● WHAT THE EXERCISE ASKS:
Skipping all images, output the listing word for word.

● DATASET EXTRACT:
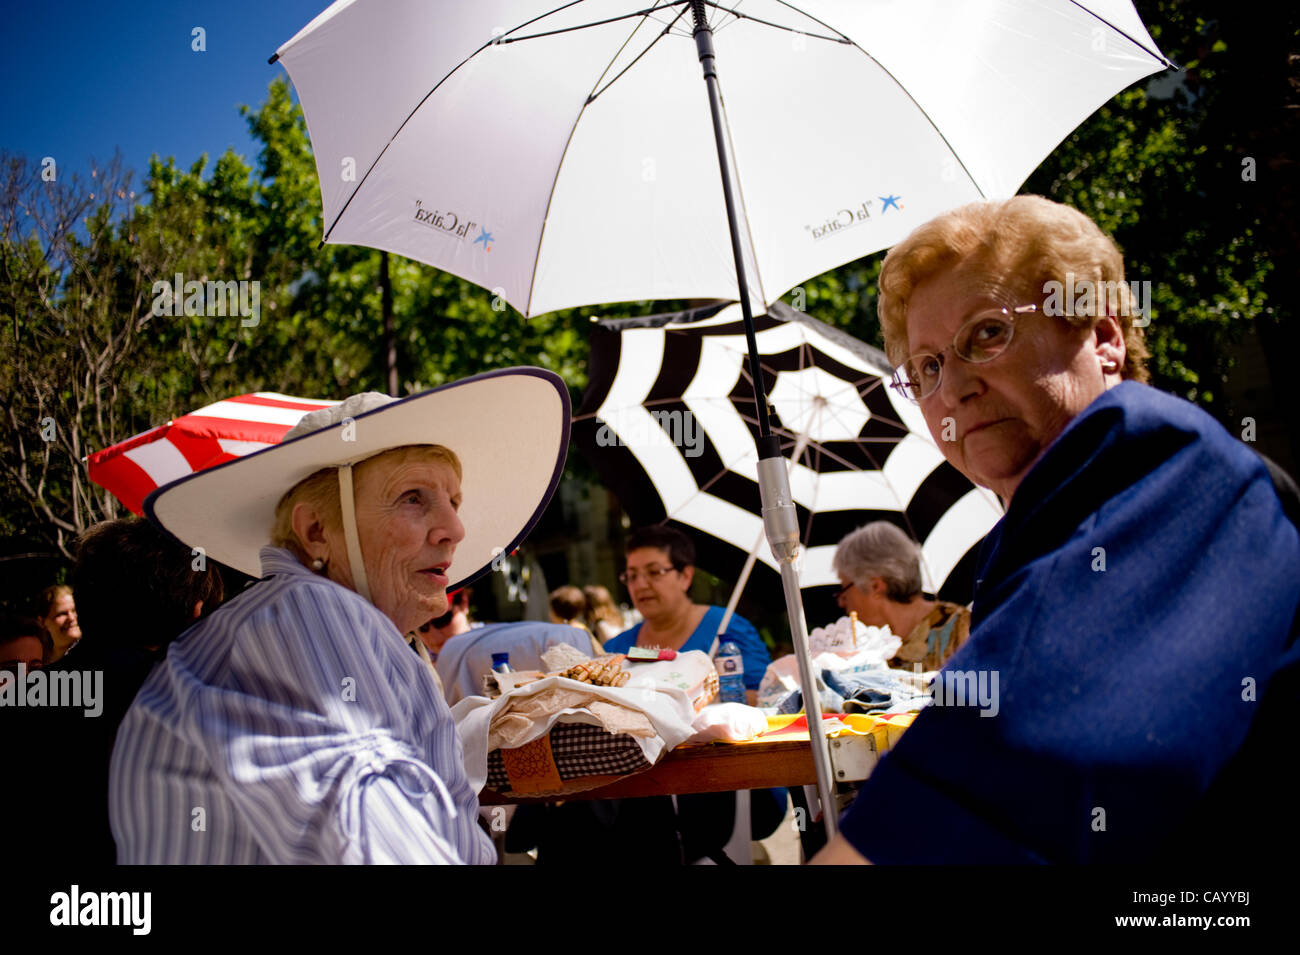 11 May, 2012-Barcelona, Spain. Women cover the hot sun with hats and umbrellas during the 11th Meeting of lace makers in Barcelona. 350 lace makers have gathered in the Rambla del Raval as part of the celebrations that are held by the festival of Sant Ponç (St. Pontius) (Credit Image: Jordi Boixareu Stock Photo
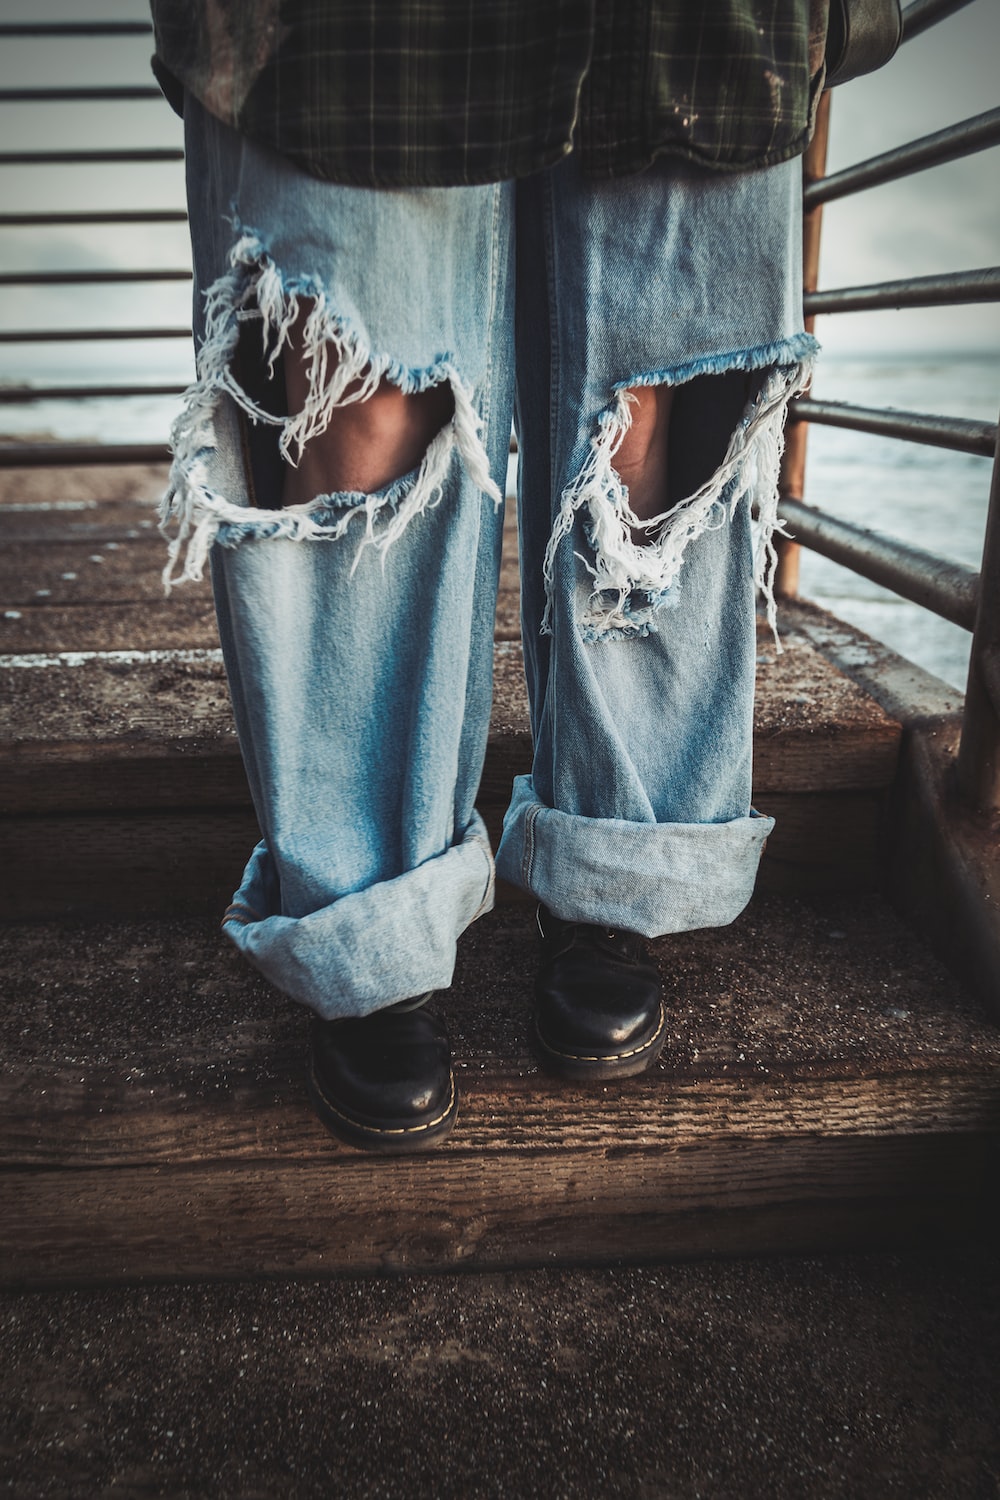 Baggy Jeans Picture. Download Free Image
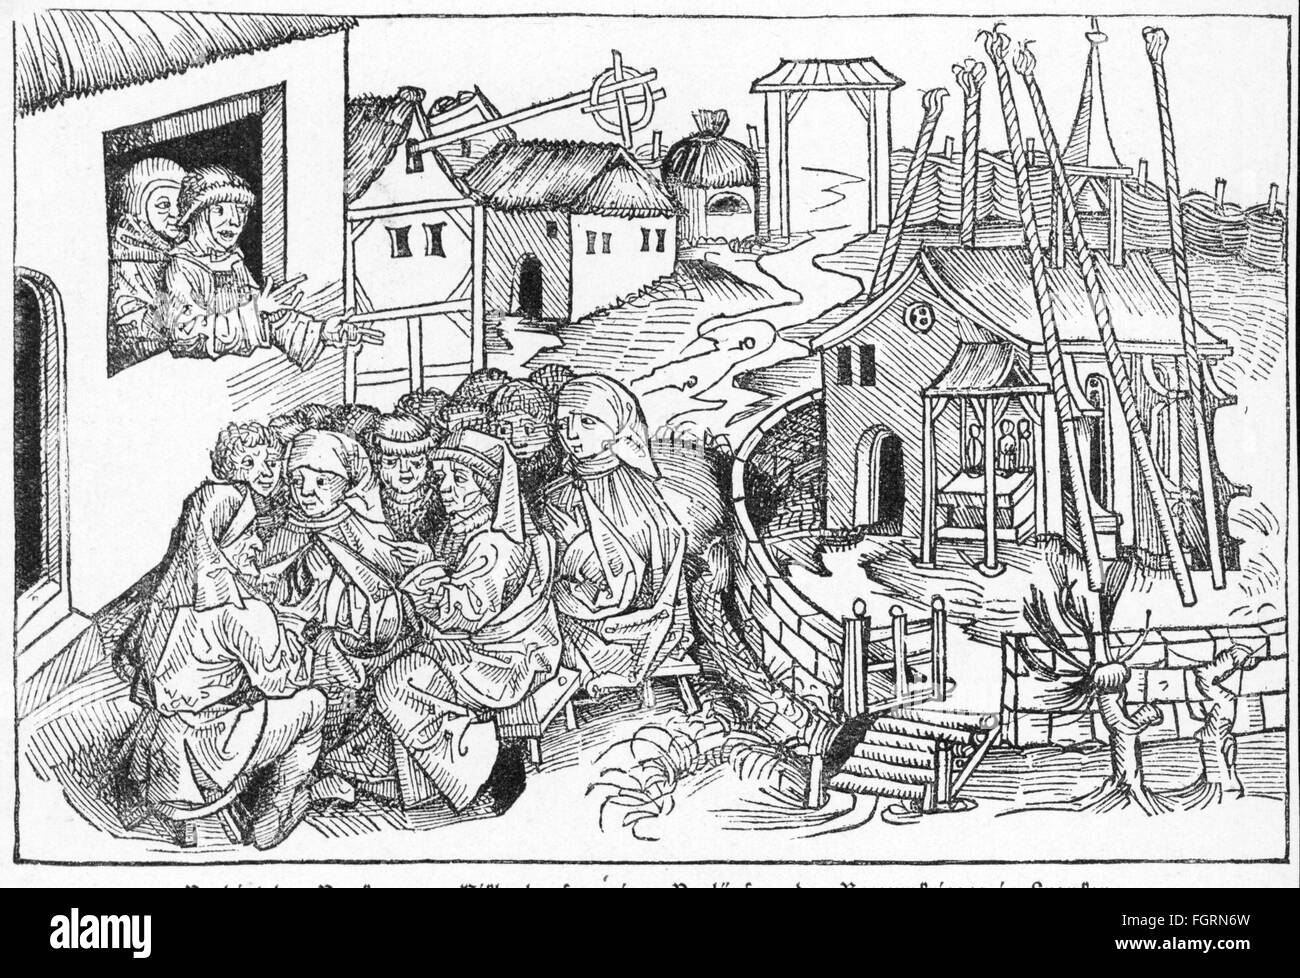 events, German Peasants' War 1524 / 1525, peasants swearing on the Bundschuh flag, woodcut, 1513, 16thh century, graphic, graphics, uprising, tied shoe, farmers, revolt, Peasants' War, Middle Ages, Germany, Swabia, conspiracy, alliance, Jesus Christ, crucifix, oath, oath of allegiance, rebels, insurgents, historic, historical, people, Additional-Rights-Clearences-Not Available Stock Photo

● WRITTEN ANSWER:
 11 May, 2012-Barcelona, Spain. Women cover the hot sun with hats and umbrellas during the 11th Meeting of lace makers in Barcelona. 350 lace makers have gathered in the Rambla del Raval as part of the celebrations that are held by the festival of Sant Ponç (St. Pontius) (Credit Image: Jordi Boixareu Stock Photo
 Baggy Jeans Picture. Download Free Image
 events, German Peasants' War 1524 / 1525, peasants swearing on the Bundschuh flag, woodcut, 1513, 16thh century, graphic, graphics, uprising, tied shoe, farmers, revolt, Peasants' War, Middle Ages, Germany, Swabia, conspiracy, alliance, Jesus Christ, crucifix, oath, oath of allegiance, rebels, insurgents, historic, historical, people, Additional-Rights-Clearences-Not Available Stock Photo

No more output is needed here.